她皱了皱眉,不理解这份力量跑到哪儿去了。
她仔细感知,却又找不到力量的去向。
再次仔细搜索一番,她只觉得那股信仰之力源源不断的涌向某个地方——不,也不能说是一个固定的地方。
“信仰”似乎是顺着某种无形的脉络,融入了鬼界的每一寸土地,也融入了雕像的每一道纹路里。
她忽然想起,鬼界的力量来源是情绪……
难道信仰也是一种情绪?
她没有多说,只是轻轻攥紧了戒指。
冰凉的金属触感让她纷乱的心绪渐渐平静,心头的郁结似乎淡了几分。
或许,死亡从来不是终点。
就像青、黄冤的记忆留在了她的心里那样。
鬼神的意志,也留在了鬼界的每一寸土地与每一个鬼的信仰里。
钟鸣与铃声渐渐放缓,鬼祭司们开始吟唱古老的祭文。
祭文的语言晦涩难懂,不似任何已知的语种。
却带着醇厚的鬼力,顺着风蔓延开来,拂过每个人的脸颊,带着一种莫名的安抚力量。
跪拜的鬼物们跟着轻声附和,声音整齐而虔诚。
信仰之力愈发浓郁,雕像上空的云霭渐渐变得厚重。
金色的光点越来越亮,像是在回应着子民们的虔诚,又像是在积蓄着某种力量。
王沁竹看着身边虔诚的鬼物,又看了看身边神色坚定的苏屿岚与张百华,眼底满是坚定。
她忽然明白,自己守护的早已不是过去的人界,而是眼前的一切。
是渡魂楼里那些承载着记忆的木牌,是身边一同经历过生死的幸存者,是这片接纳了他们、给了他们新生的鬼界。

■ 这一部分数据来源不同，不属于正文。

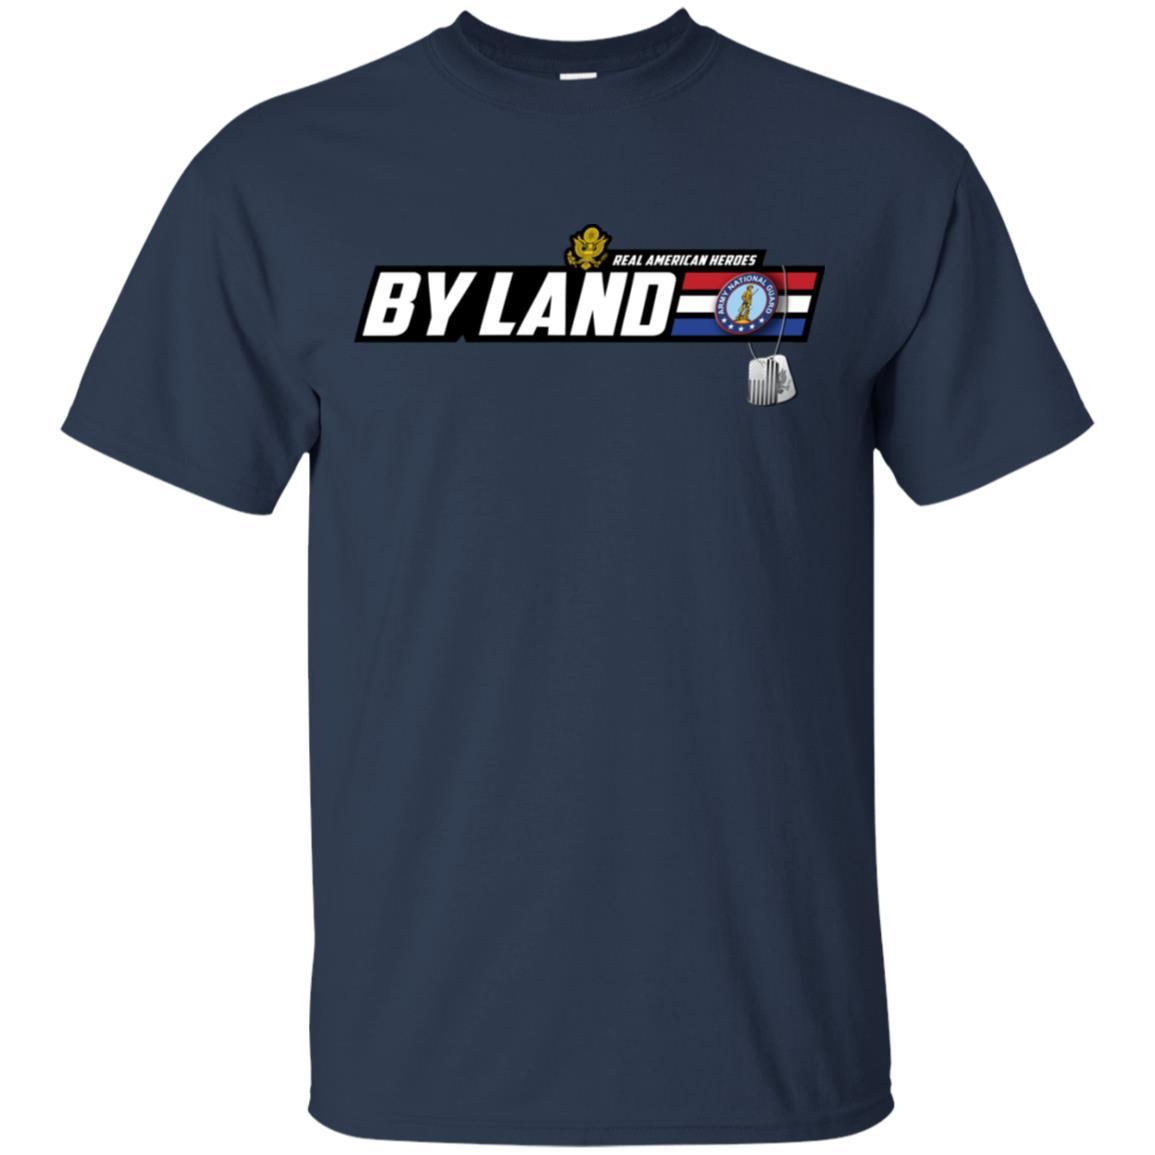 US Army T-Shirt "National Guard Real American Heroes By Land" On Front-TShirt-Army-Veterans Nation
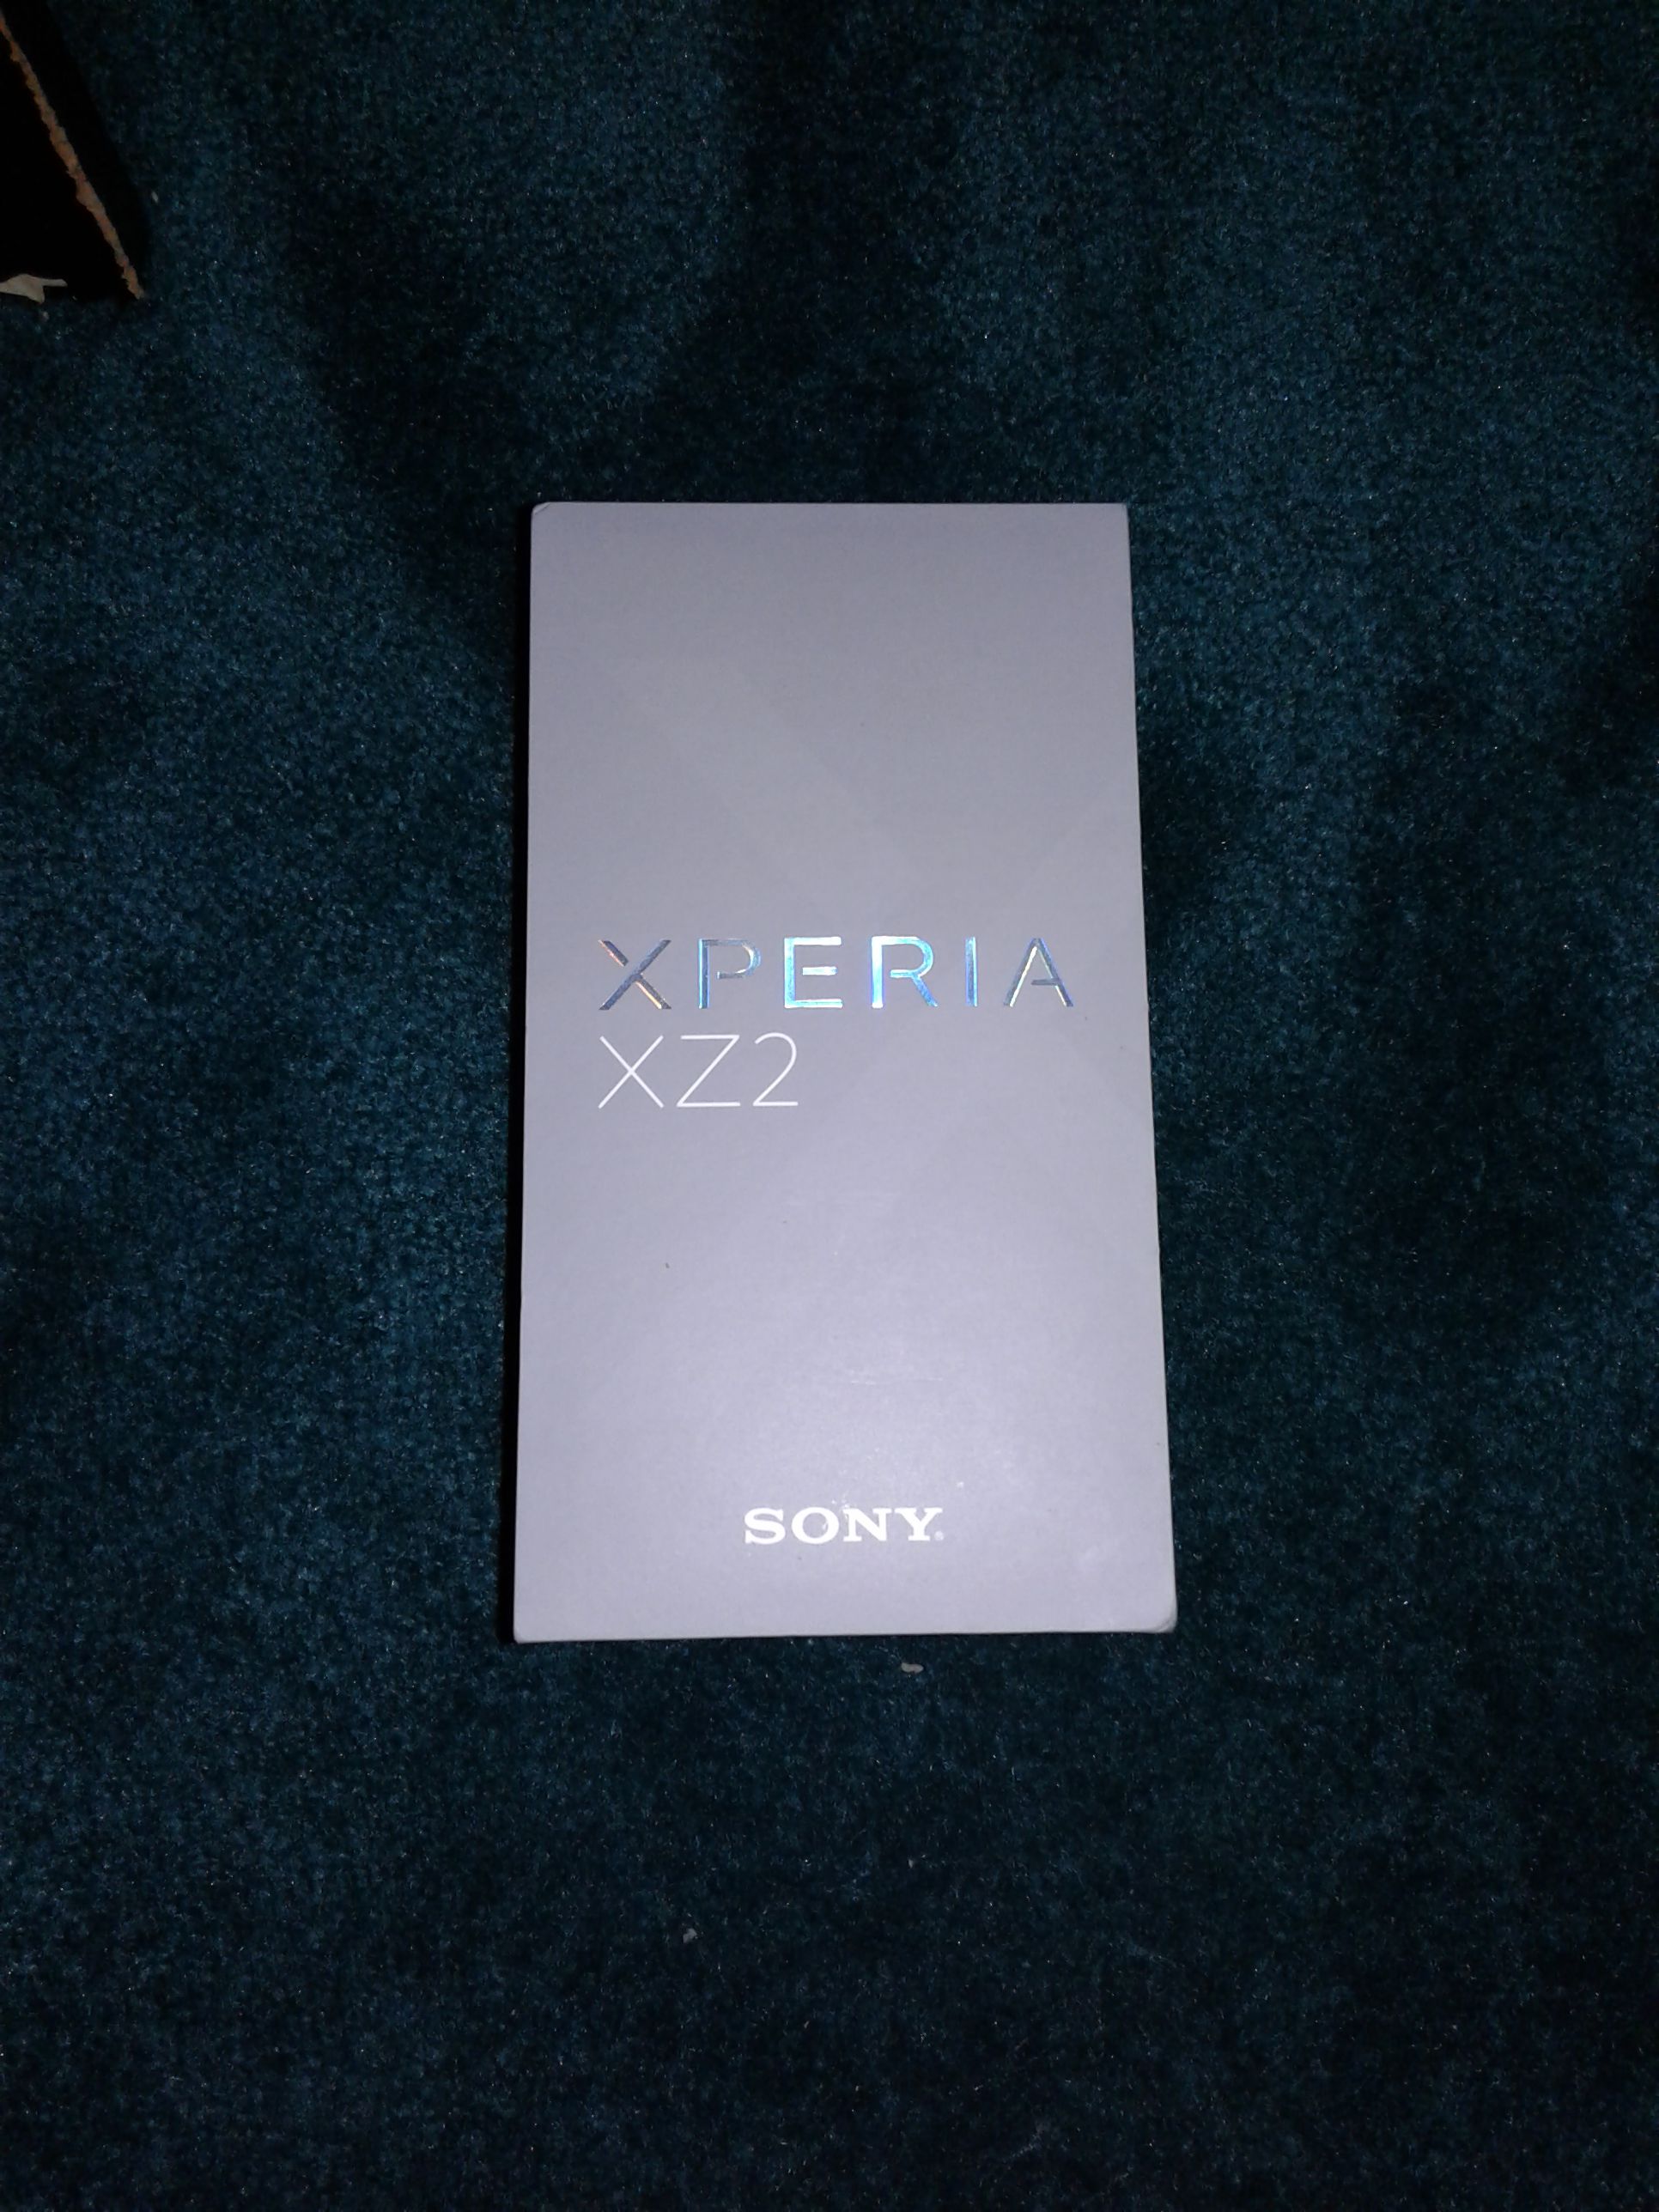 Sony Xperia xz 2 BRAND new in box never opened

她抬手从布袋里取出一块新刻的木牌,木牌上刻着“鬼界·渡魂楼·魂灯”,字迹工整而认真。
指尖凝起淡淡的灵力,轻轻将木牌放在了天台边缘的供台上。
这是她给鬼界的礼物,也是她守护这片土地的决心,愿魂灯长明,愿此界安稳。
苏屿岚看着王沁竹的动作,也从怀里取出那块刻有“黄冤”的木牌。
指尖轻轻拂过上面的字迹,像是在触碰某种珍贵的回忆。
随后,他将木牌轻轻放在王沁竹的木牌旁。
两块木牌依偎在一起,在魂灯的映照下泛着柔和的光。
他掌心的鬼物微微发亮,温暖的光芒包裹着他的手掌,像是在呼应他的心意,也像是在向这片土地宣誓:
他会带着黄冤的记忆,守护好身边的人,守护好这片鬼界。
他不会辜负黄冤的嘱托,也不辜负鬼神留下的安身之所。
张百华看着两人的动作,嘴角勾起一抹浅淡的笑意。
他什么也没有带,但他却在心里默默立下誓言:往后余生,便守着这片鬼界,守着这些幸存者。
让那些覆灭世界的珍贵记忆,在这片土地上永远流传,不再被遗忘。
羊毛衫男人站在最外侧,黑眸里映着雕像上空的金色光点,眼底的淡漠里多了几分柔和。
他抬手,指尖轻轻划过虚空,像是在触碰那股无形的信仰之力,又像是在回应这片土地的接纳。
指尖落下时,空气中似乎有细微的灵力波动,转瞬即逝。
祭文吟唱完毕,钟鸣与铃声也渐渐消散在雾霭中。
跪拜的鬼物们缓缓起身,眼底依旧满是虔诚。
可他们的脸上却多了几分安稳与满足,像是完成了某种神圣的使命。
空气中的信仰之力渐渐淡去,可雕像底座的符文,却比之前亮了几分。
白頔低头看了看掌心的戒指,不知怎的,她又想起来了青。
不过很快,她眼底的怅然终于淡了许多,取而代之的是一种平静的释然。
或许,黄冤从未离开,她化作了记忆里的一道光,护着苏屿岚前行;
鬼神也从未陨落,祂化作了这片土地的规则,守着子民们安宁。
青也从未离去,她只是睡着了……
死亡从来不是终点,守护与思念,才是永恒的延续。
一行人顺着人流往回走。
沿途的鬼物们脸上都带着满足的笑意,有的相互交谈着祭祀的盛况,有的脚步轻快地返回自己的居所。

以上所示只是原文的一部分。